Coating technology enables self-cleaning properties

Tuesday, 24 July 2012

Researchers at Eindhoven University of Technology have developed special surfaces that remain clean or repair themselves.

Superficial scratches could be self-repaired, using the new coating technology

Source: Nanoresins

Superficial scratches could be self-repaired, using the new coating technology

Source: Nanoresins

At Eindhoven University of Technology (TU/e), researchers have developed a new coating technology that could enable self-cleaning cars or self-repairing lenses.
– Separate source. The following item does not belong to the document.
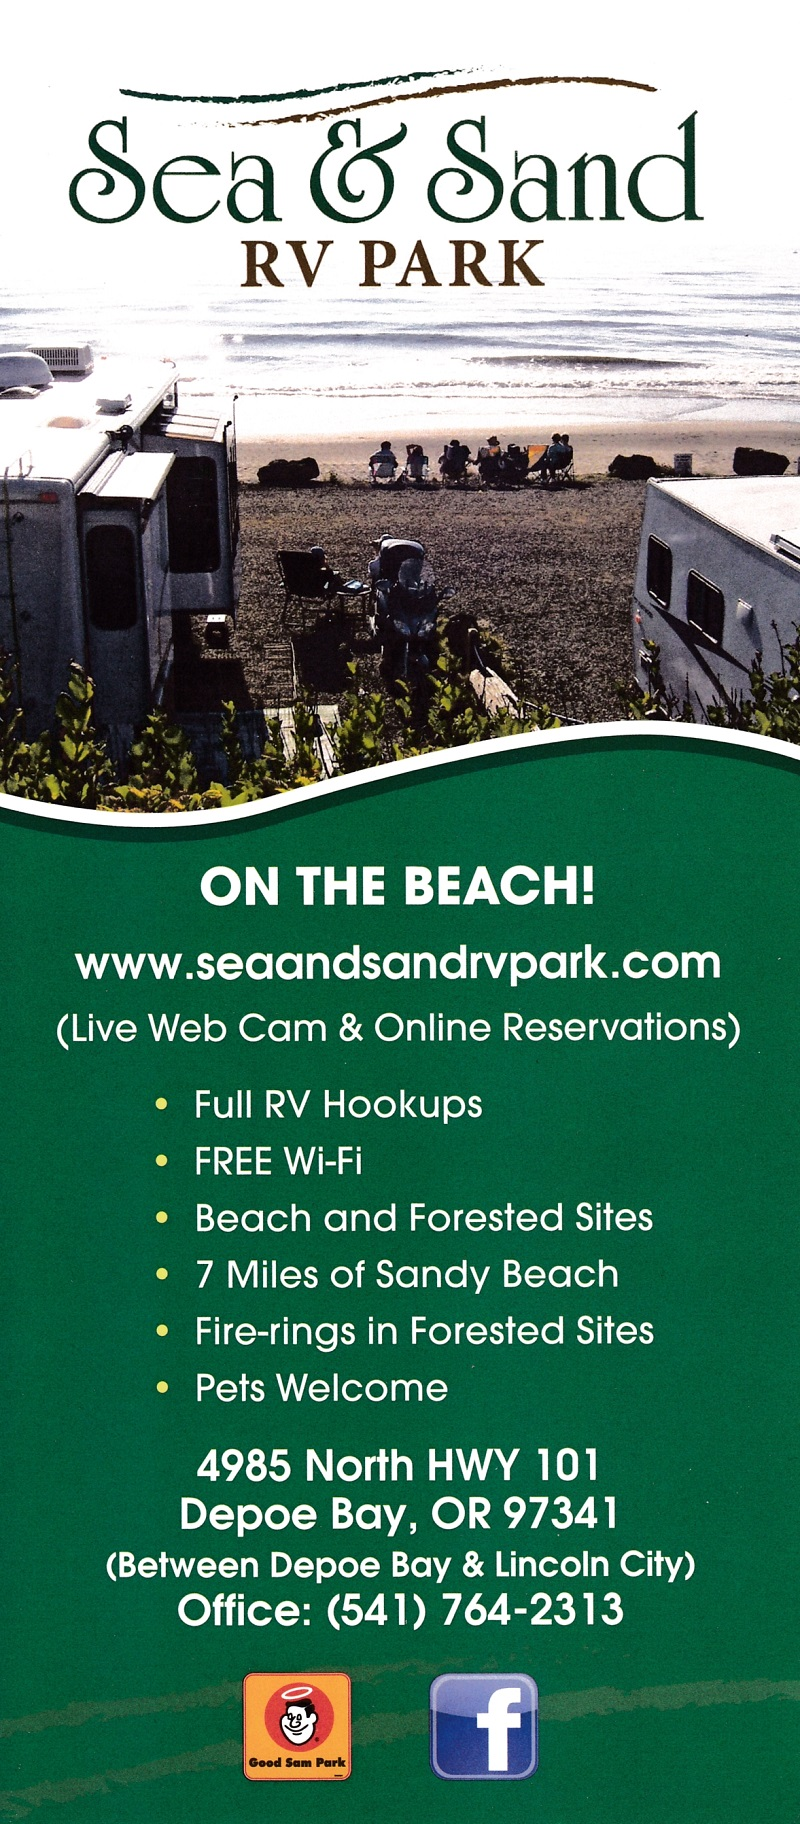 Sea & Sand RV Park

Their solution for functional coatings is based on surfaces with special "stalks” that carry the functional chemical groups at their ends and mix these through the coating.

Functional coatings, for example with highly water-resistant or antibacterial properties, have nano-sized molecular groups at their surface that provide these specific properties. But up to now, these molecular groups are easily and irreversibly damaged by minor contact with their surface (such as by scratching), quickly causing their properties to be lost. This has been a big limitation to the possible applications of these coatings.

Problem solution with special "stalks"

Researcher Catarina Esteves and her colleagues have now found a solution to this problem. They have done this by developing surfaces with special "stalks” carrying the functional chemical groups at their ends, and mixing these through the coating. If the outer surface layer is removed by scratching, the "stalks” in the underlying layer re-orient to the new surface, thereby restoring the function.

This development can be of great importance for many applications. For example it will be possible to make a self-cleaning car, with a highly water-resistant coating that keeps this self-cleaning property for long periods. The superficial scratches will be self-repaired and the water droplets simply roll off the car, taking dirt with them. An occasional rain shower is all that is needed to keep the car clean. In the same way, products like mobile phones, solar panels or even aircraft will remain clean for a longer time. Other applications are contact lenses that self-repair their scratches, and coatings that resist the formation of algae, which is an advantage for ships. A limitation of the new technology is that it only works with superficial scratches that do not completely penetrate the coating.